= Juan Alonso de Guzmán, 1st Duke of Medina Sidonia =

Spanish nobleman and military figure

Juan Alonso de Guzmán y Suárez de Figueroa Orozco, 1st Duke of Medina Sidonia and 3rd Count de Niebla (in full, Don Juan Alonso de Guzmán y Suárez de Figueroa Orozco, primer Duque de Medina Sidonia, tercer Conde de Niebla, Señor de Sanlúcar de Barrameda, Señor de Lepe, Ayamonte y Gibraltar, Adelantado Mayor de la Frontera de Andalucía) (c. 1405 – December 1468) was a Spanish nobleman and military figure of the Reconquista.

== Biography ==
Juan Alonso de Guzmán was the son of Enrique de Guzmán, 2nd Count of Niebla, 5th Lord of Sanlúcar, and of Teresa Suárez de Figueroa y Orozco, Lady of Escamilla and Santa Olalla.

He fought in the Castilian Civil War of 1437–1445 on the side of King John II of Castile, against the Infantes of Aragon and their Castilian allies.
He managed to keep control over the area of Seville, and to launch a counterattack that allowed the recovery of the enemy bases of Jerez, Acalá de Guadaira, Carmona and Córdoba.
For this, he was awarded the title of Duke of Medina Sidonia by King John II of Castile on 17 February 1445.

In 1462, he played the leading role in the Reconquest of Gibraltar, which had been lost in 1411, and where his father had died in the failed diege of 1436.

Juan de Guzmán, 1st Duke of Medina Sidonia, died in December 1468 and was buried in the
monastery of San Isidoro del Campo in Santiponce.

=== Marriage and children ===
He married Doña Maria de la Cerda y de Sarmiento, daughter of Luis de la Cerda y Mendoza, 3rd Count de Medinaceli.
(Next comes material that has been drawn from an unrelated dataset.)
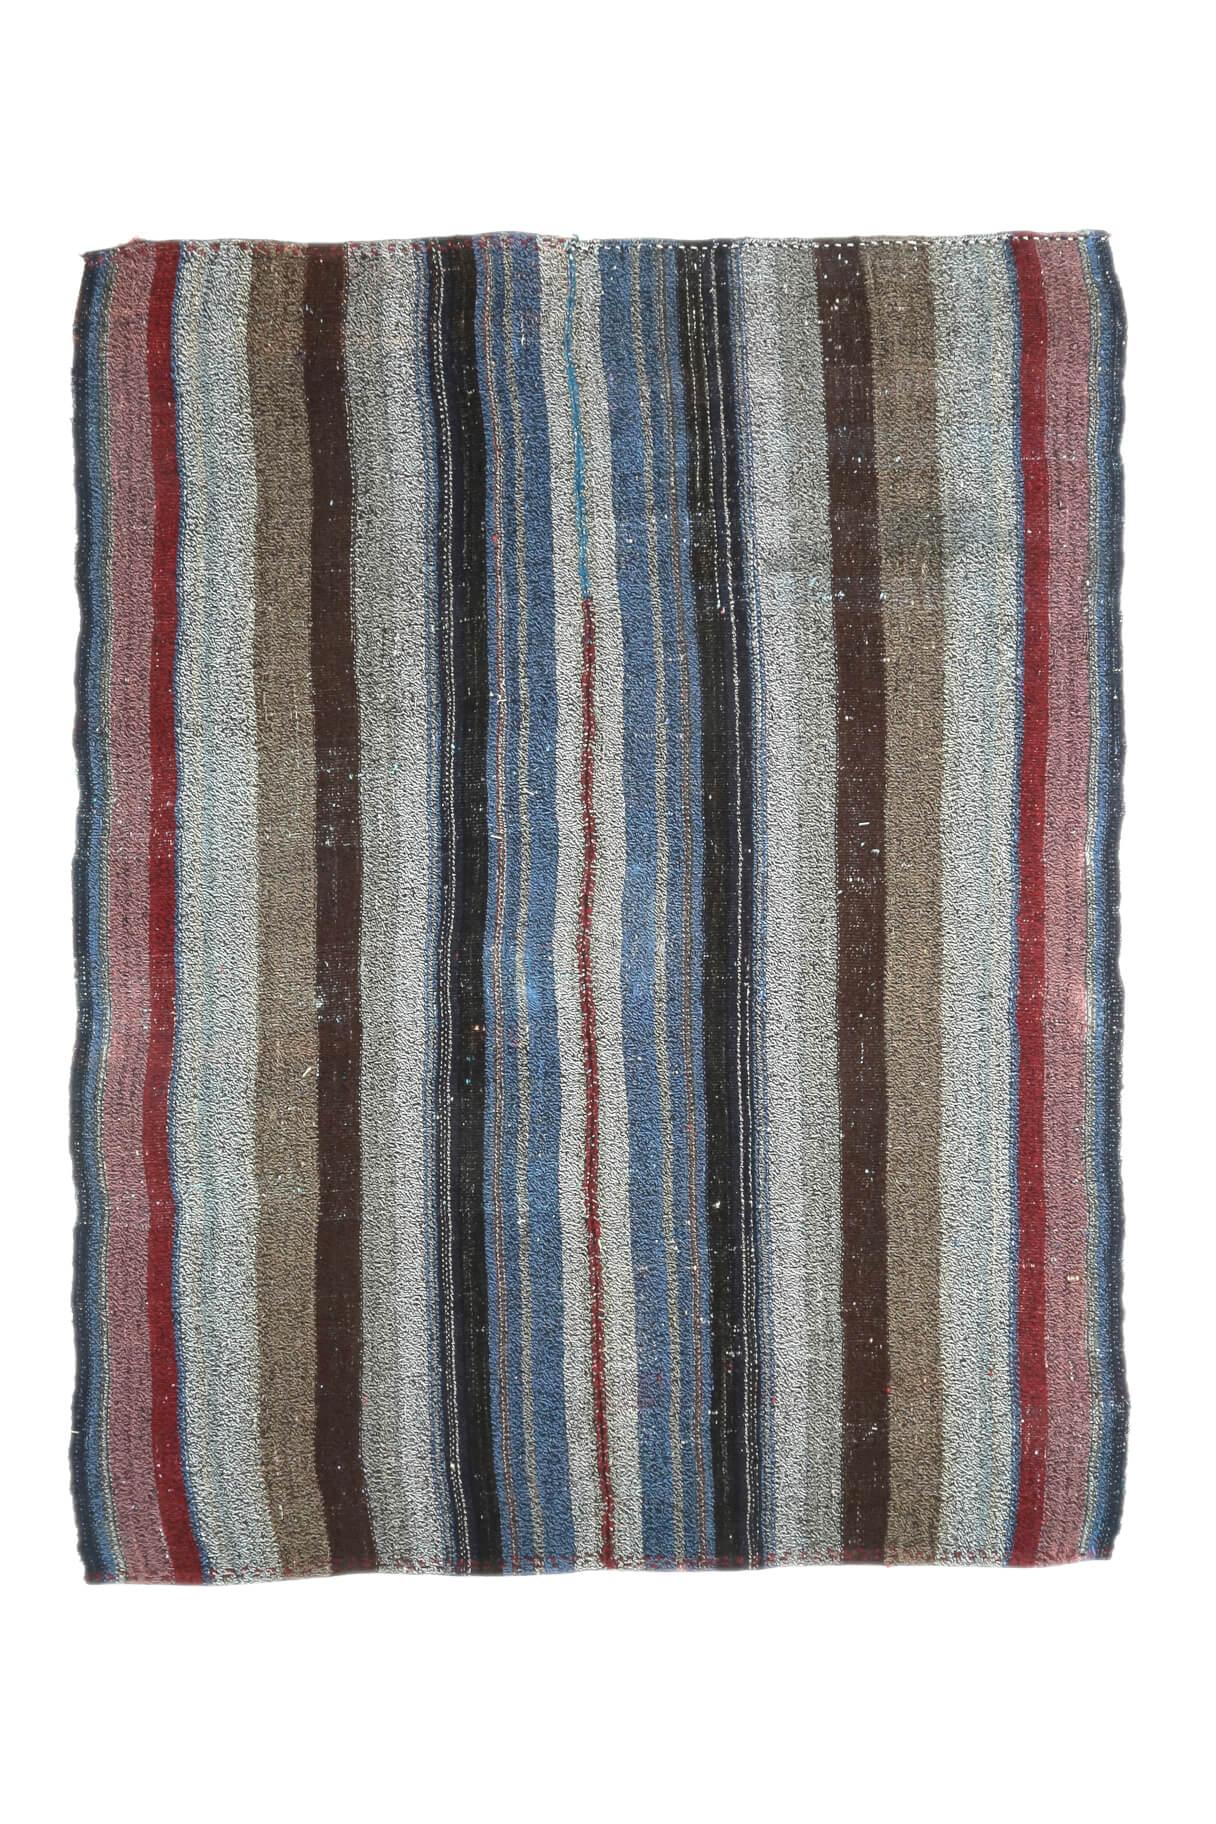 Hande - Colorful Ethnic Kilim

They had no children. He had however several illegitimate children :
- with Isabel de Menezes y Fonseca (also called Isabel de Meneses, c. 1420-1494), sister of Archbishop Alonso de Fonseca y Ulloa :
  - Enrique de Guzmán, who was legitimized when his father, shortly before dying, married Isabel de Meneses. Succeeded him in his house, as 2nd Duke of Medina Sidonia;
  - Álvaro de Guzmán, Lord of the Torre del Maestre, Monturque, la Palmosa and Alhocen, married to María Manuel de Figueroa.

- with Doña Elvira de Guzmán, daughter of Don Alvaro de Guzmán, 6th Señor de Orgáz:
  - Teresa Pérez de Guzmán y Guzmán, married Pedro de Zúñiga y Manrique de Lara.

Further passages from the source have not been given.